The fossilised remains of an unusual long-legged giant Penguin, first found by schoolchildren in New Zealand. Researchers said that they belonged to a previously unknown species. The fossils were recovered from the sandstone rock soon afterwards and donated to the Waikato Museum in 2017.

The group of schoolchildren who were taking part in an organised fossil hunting field trip in 2006 discovered the giant set of fossilised Penguin bones in Kawhia Harbour, in the Waikato region of New Zealand’s North Island.
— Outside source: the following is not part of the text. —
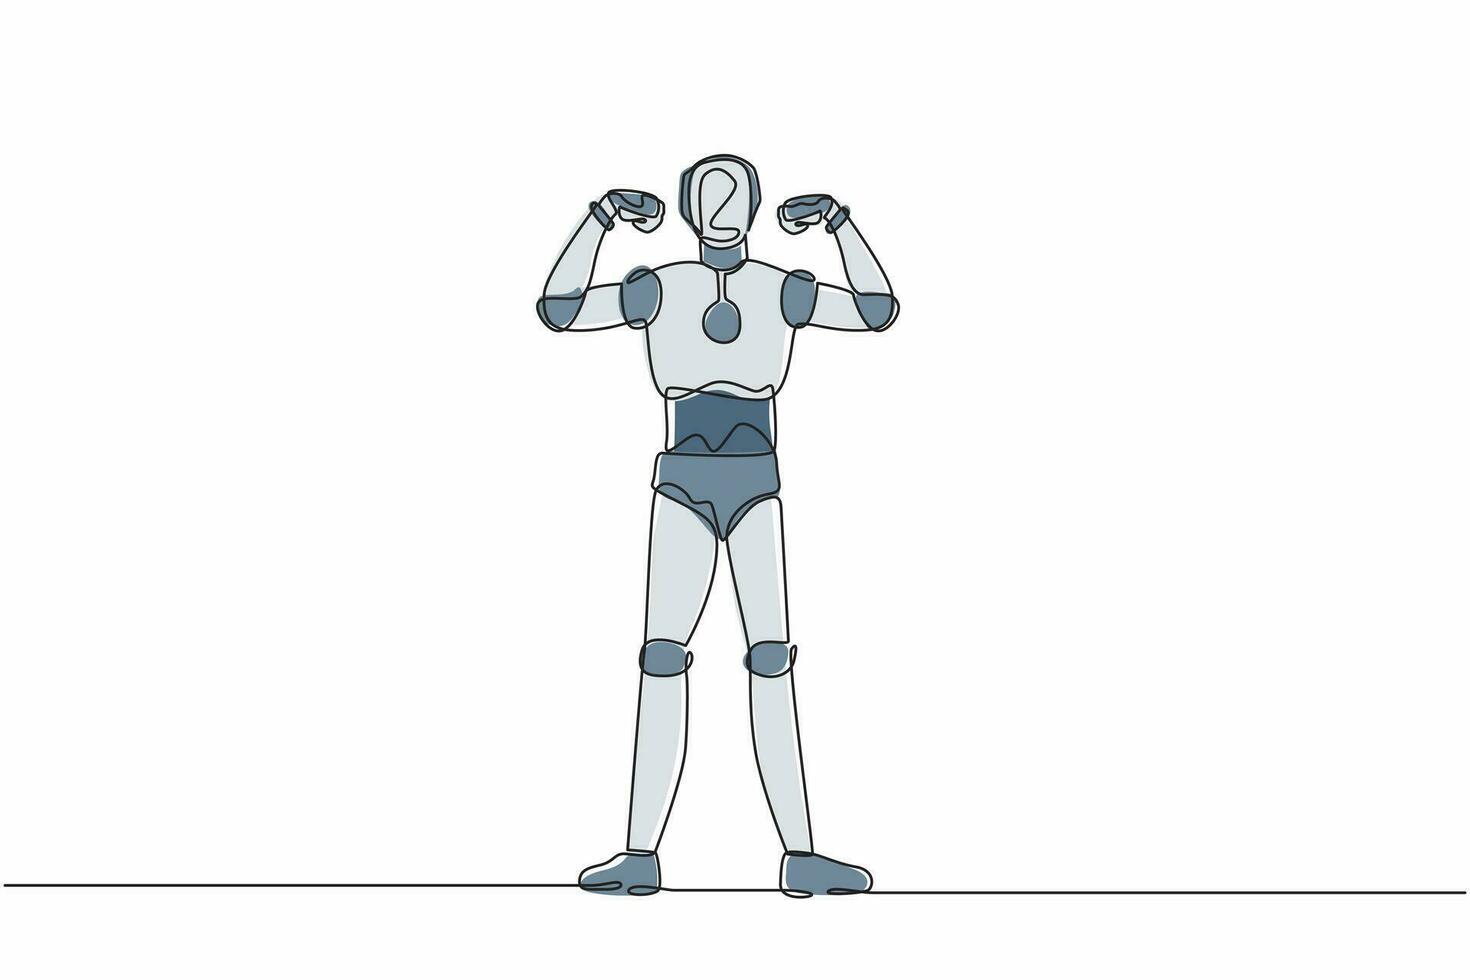 robot de dibujo continuo de una línea con gestos puño de dos manos hacia arriba. fuerte organismo cibernético robot humanoide. futuro concepto de desarrollo robótico. ilustración gráfica de vector de diseño de dibujo de una sola línea
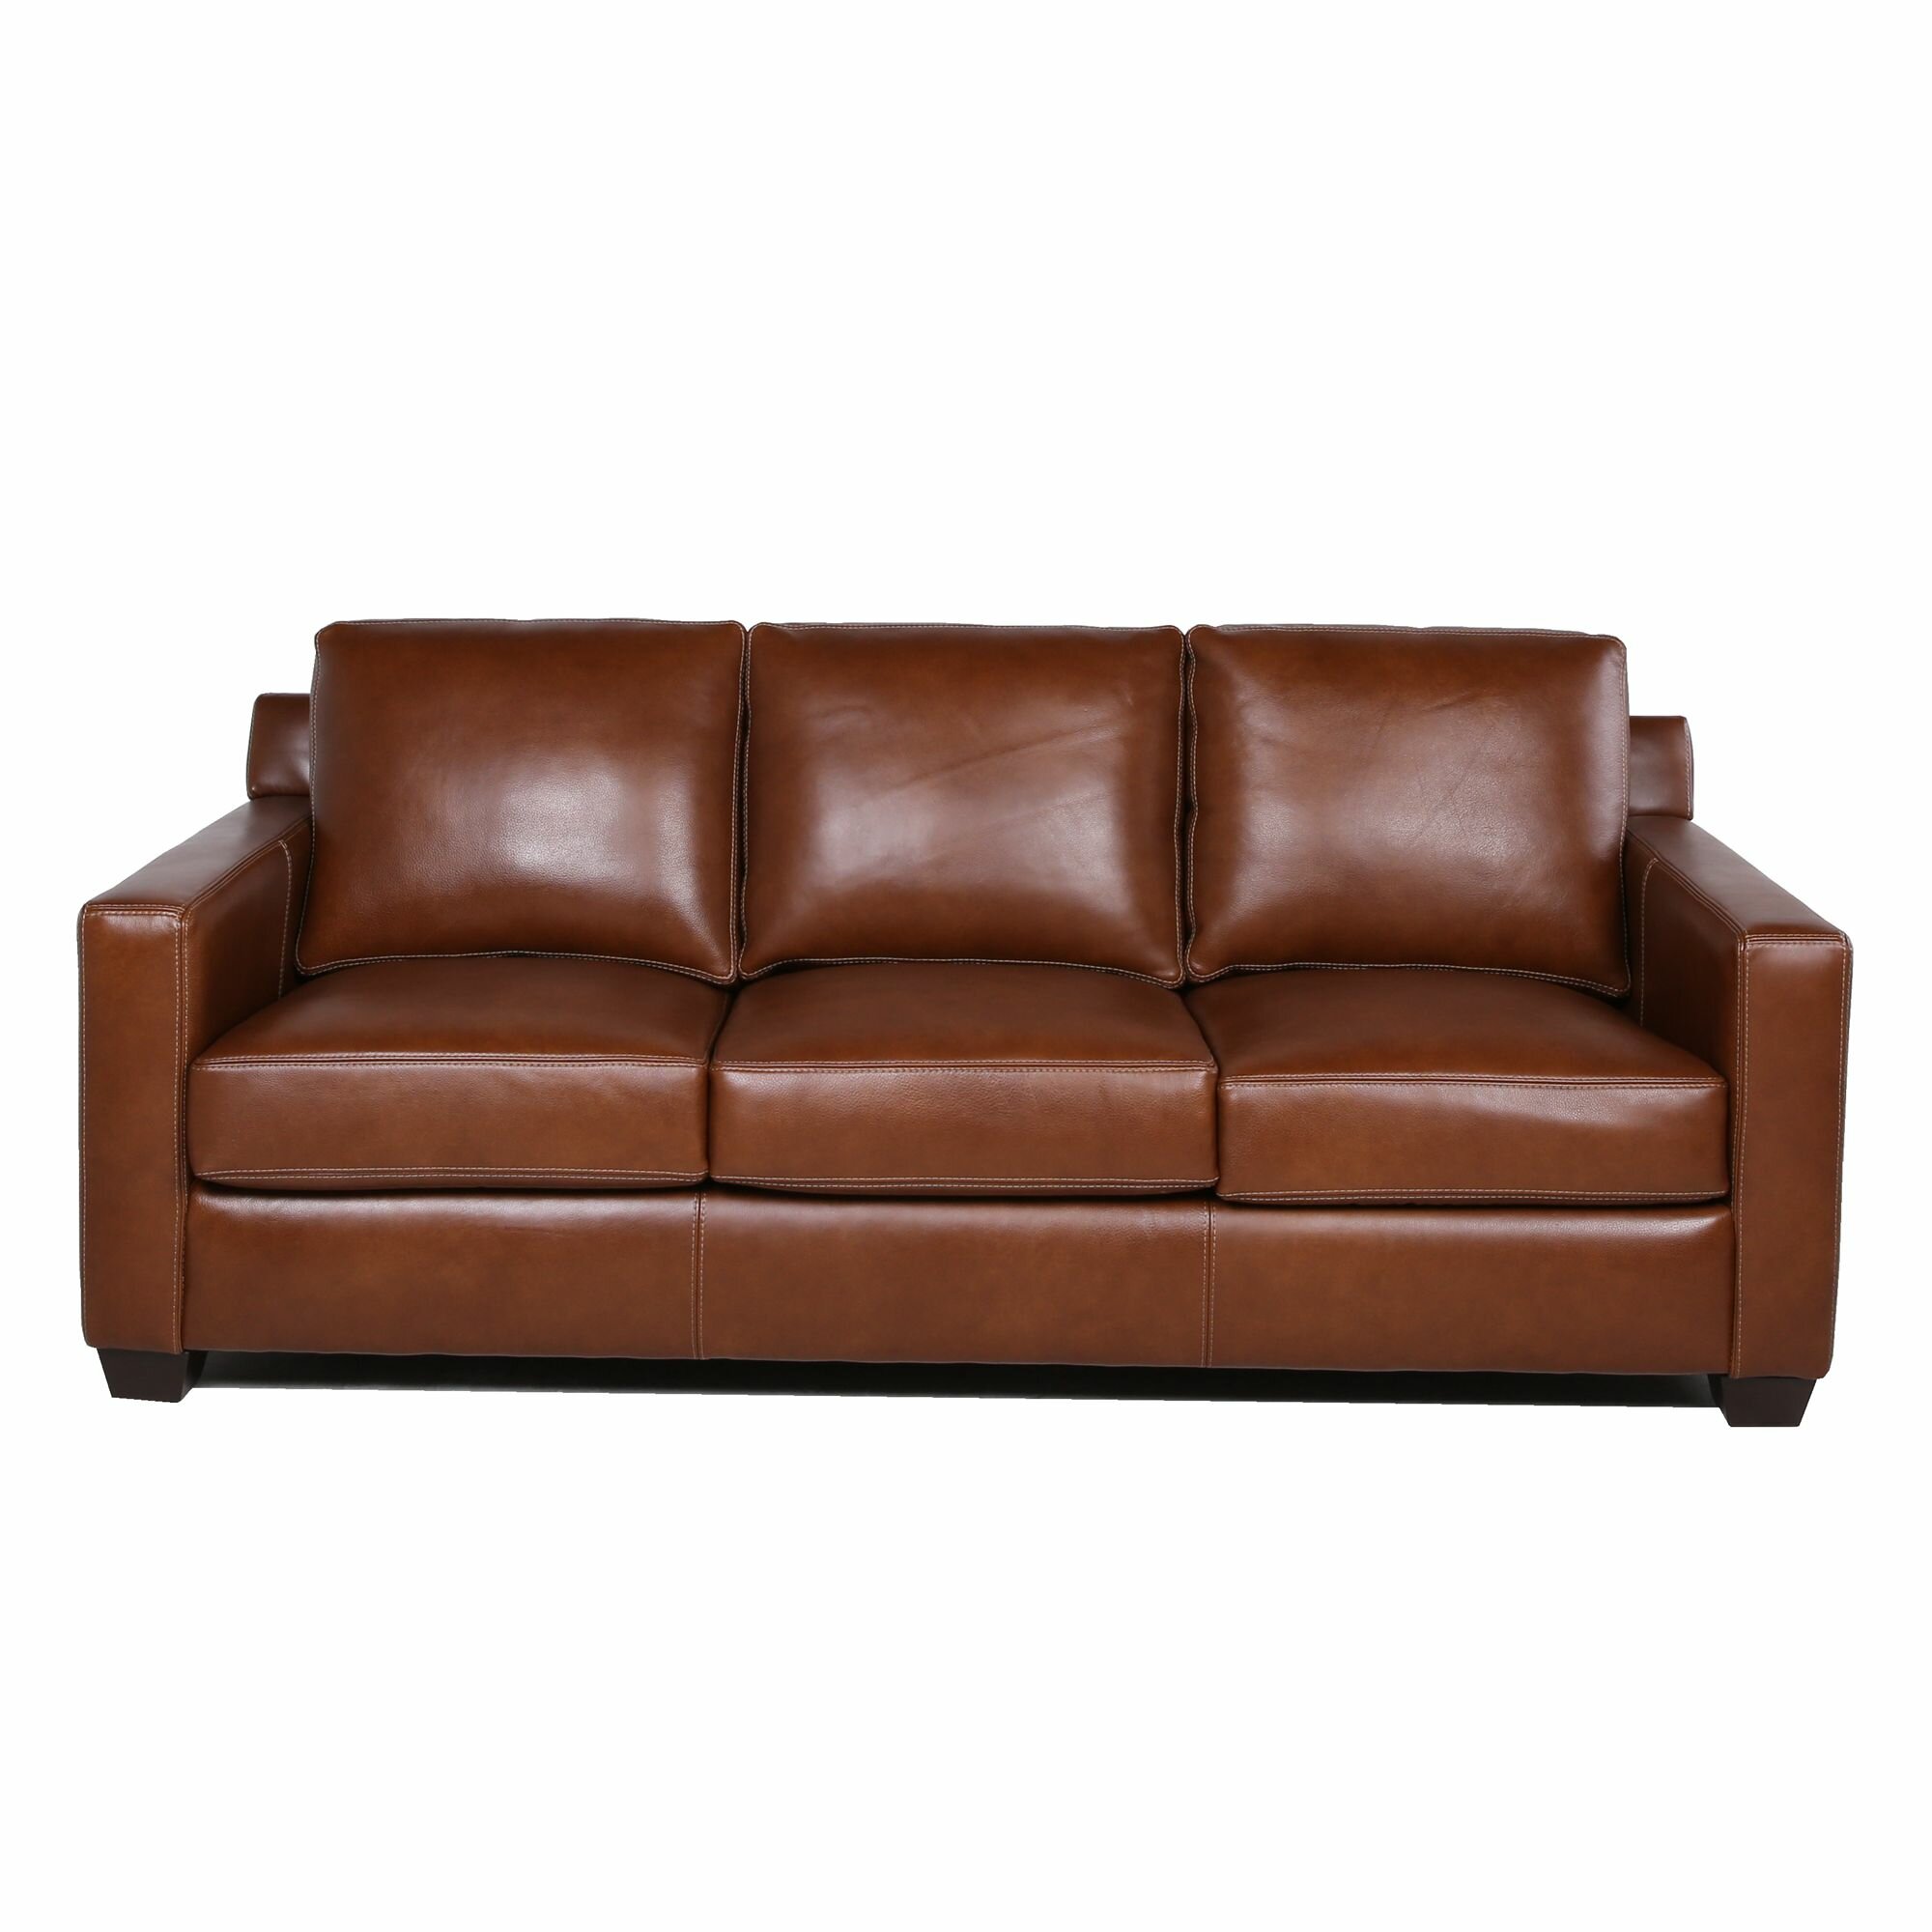 Adda 83.5” Leather Match Square Arm Sofa

The researchers analysed the bones, using 3D scanning, which enabled the research team, from Massey University in New Zealand and Bruce Museum in Connecticut. They tried to produce a 3D-printed replica of the skeleton and found the Penguin would have stood at around 1.4 metres tall.Dr Daniel Thomas, a senior lecturer in Zoology from Massey’s School of Natural and Computational Sciences, said the fossil is between 27.3 and 34.6 million years old and is from a time when much of the Waikato was underwater. The tallest species is in the emperor and stands at 1.2 metres.

Penguin have a fossil record reaching almost as far back as the age of the dinosaurs, and the most ancient of these have been discovered in New Zealand.Taly Matthews, a long-time member of the Hamilton Junior Naturalist Club, and who works for the Department of Conservation in Taranaki, said that finding any fossil is exciting when you think about the time passed while this animal remained hidden in the rock. Finding a giant Penguin fossil though is on another level. As more giant fossils are discovered we get to fill in more gaps in the story.